I’ve done this since I can remember, and if you look through my pictures on Facebook you will notice a certain undeniable pattern:
As you can see, I’m porky in this picture.
Then skinny in this one just a few months later:
Then porky again:
Then skinny again:
Then porky again…
And so on and so on. I usually do okay at staying in shape until I get stressed out or distracted by something. That’s when I say to myself, “Eh, what’s the point in going to the gym? I’m already tired. I think I’ll just eat a Snickers ice cream bar and get my big ass in bed.”
Once I make up my mind to get skinny again, though, I always attack it with everything I’ve got. And starting in September, my buddy Kristian and I will be starting an intensive 8-week diet-and-exercise competition to see who can lose the most poundage.
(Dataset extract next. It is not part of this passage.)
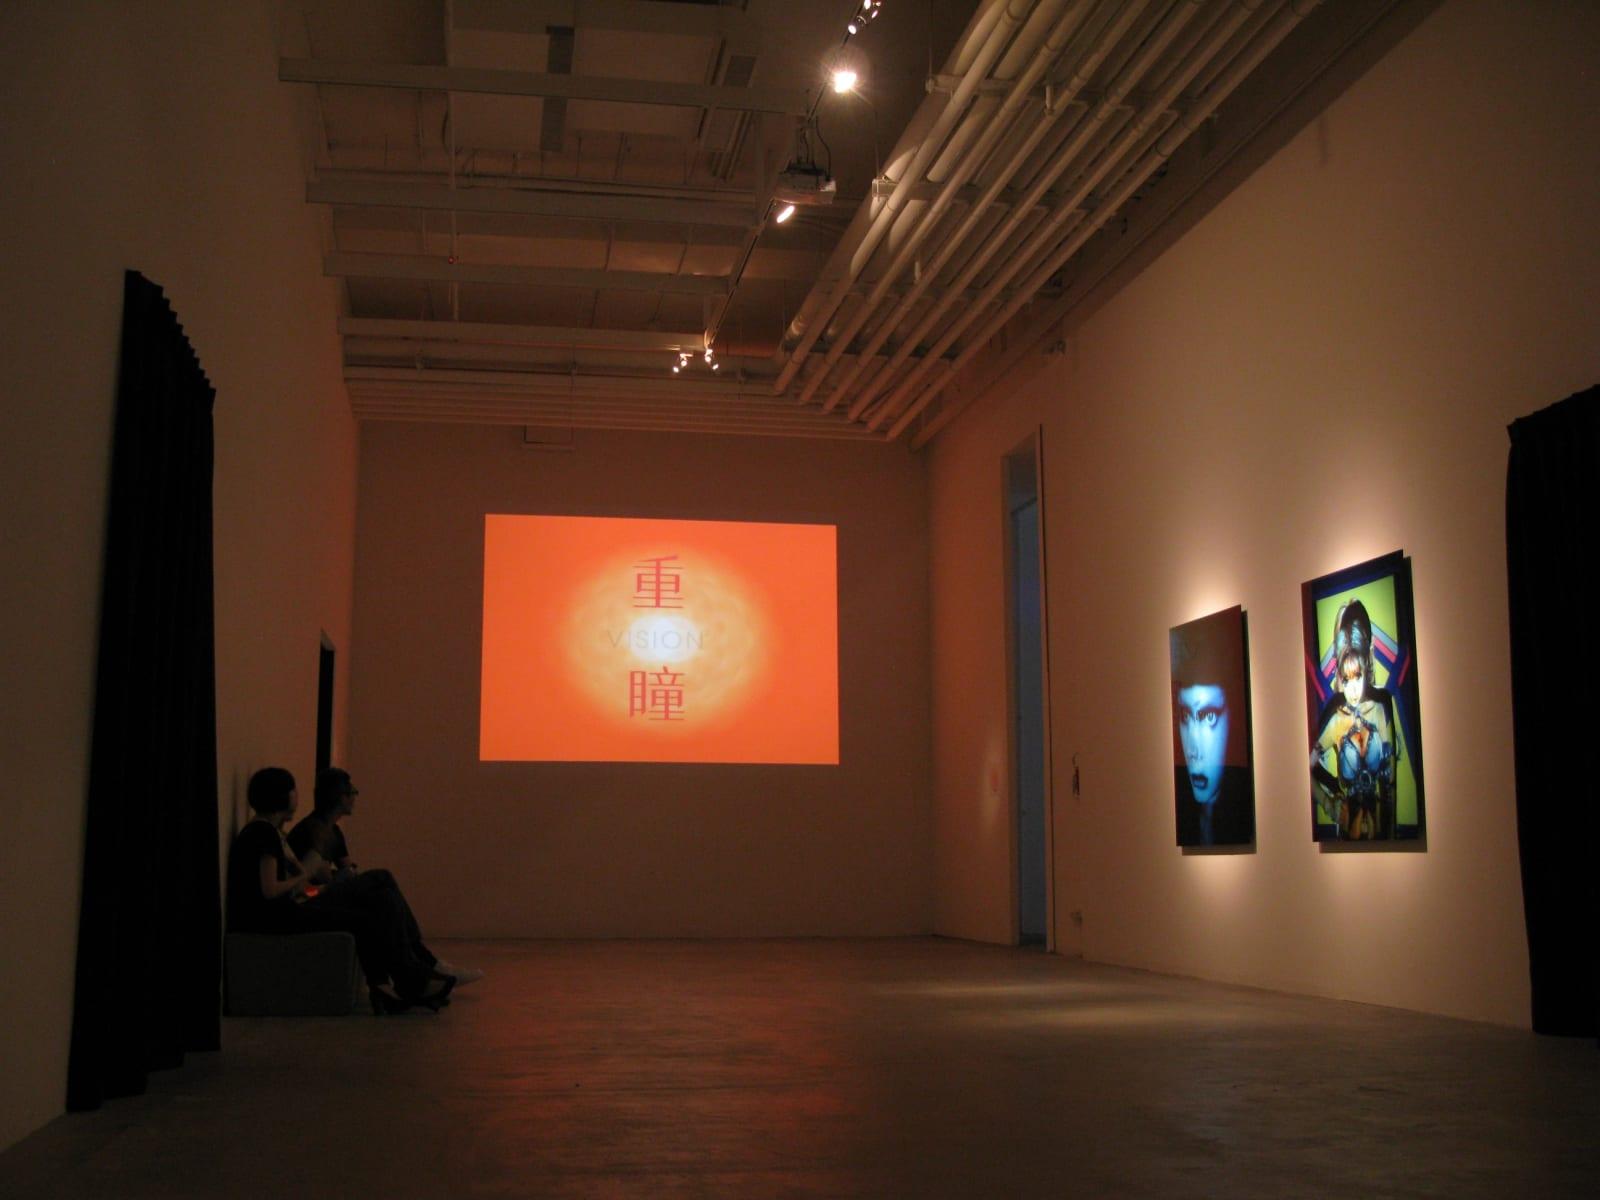 重瞳:擁有過去的未來 — 兩岸藝術交流計畫

To jumpstart this little challenge, we’re going out next Friday or Saturday for what we’re calling Hog-a-Palooza 2012.
The evening will begin with ribs at Outback, then proceed to Taco Bell, Baskin-Robbins, and a slew of bars. Once we’re good and hammered, we’ll cap it off with late-night Big Macs at McDonald’s. If it sounds a little excessive, that’s because it is. But, you can’t have Lent without Mardi Gras.
If you’re in Seoul and you want to get in on the calorie-packed action, consider this an open invitation.
It’s hog boiling time, y’all.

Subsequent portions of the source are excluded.